> What you should do
Please print every record below exactly as it appears, but leave out the pictures.

(Dataset records)
________________________
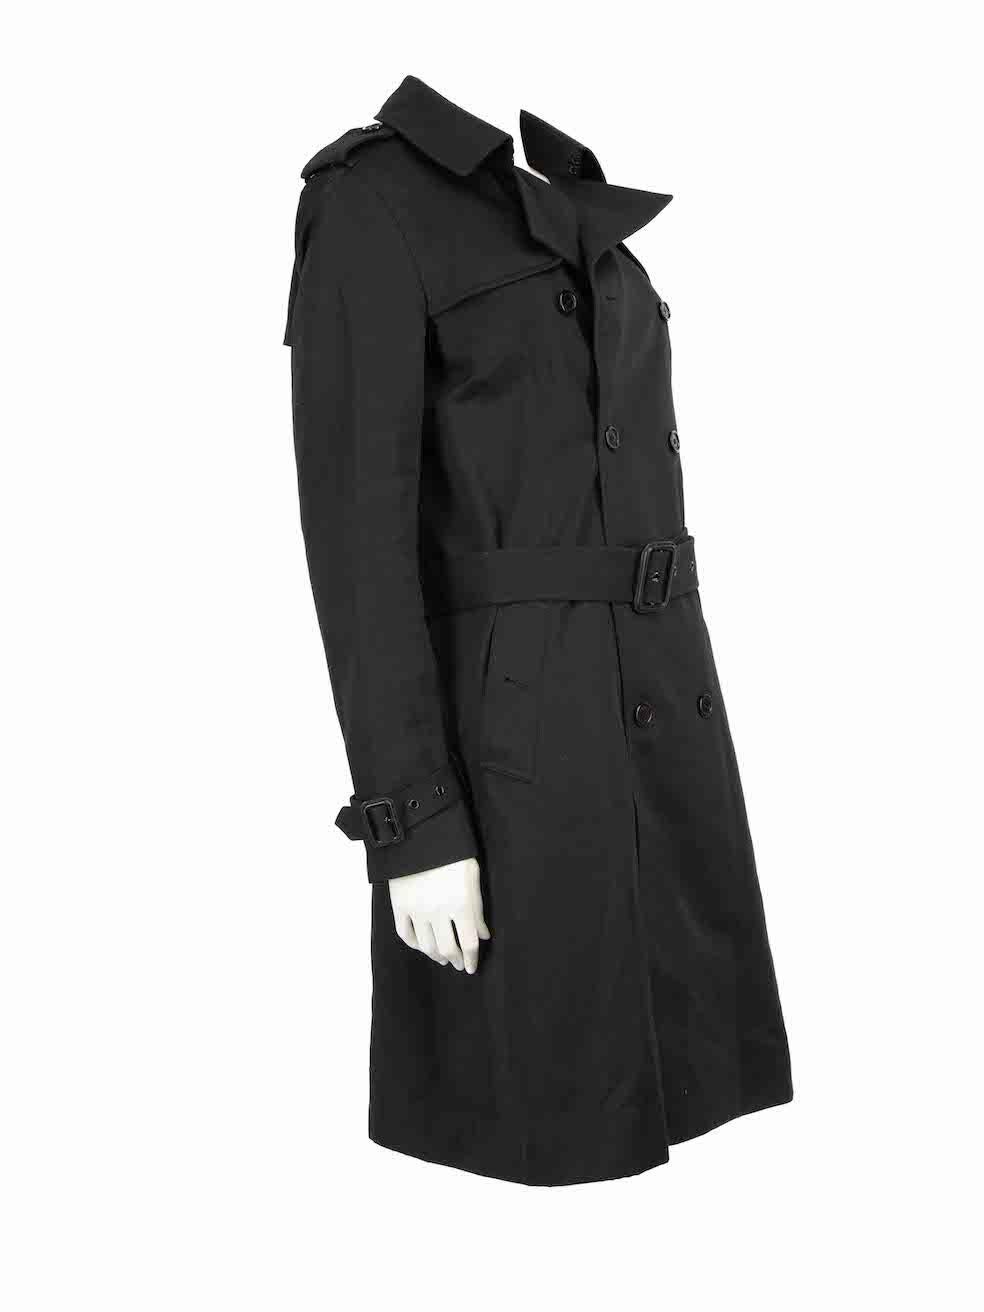 CONDIT ist sehr gut. Kaum sichtbare Abnutzungserscheinungen am Mantel sind bei diesem gebrauchten Saint Laurent Designer-Wiederverkaufsartikel zu erkennen.
 
 
 
 Einzelheiten
 
 
 Schwarz
 
 Polyester
 
 Trenchcoat
 
 Zweireiher
 
 Gürtel
________________________
> Result
 CONDIT ist sehr gut. Kaum sichtbare Abnutzungserscheinungen am Mantel sind bei diesem gebrauchten Saint Laurent Designer-Wiederverkaufsartikel zu erkennen.
 
 
 
 Einzelheiten
 
 
 Schwarz
 
 Polyester
 
 Trenchcoat
 
 Zweireiher
 
 Gürtel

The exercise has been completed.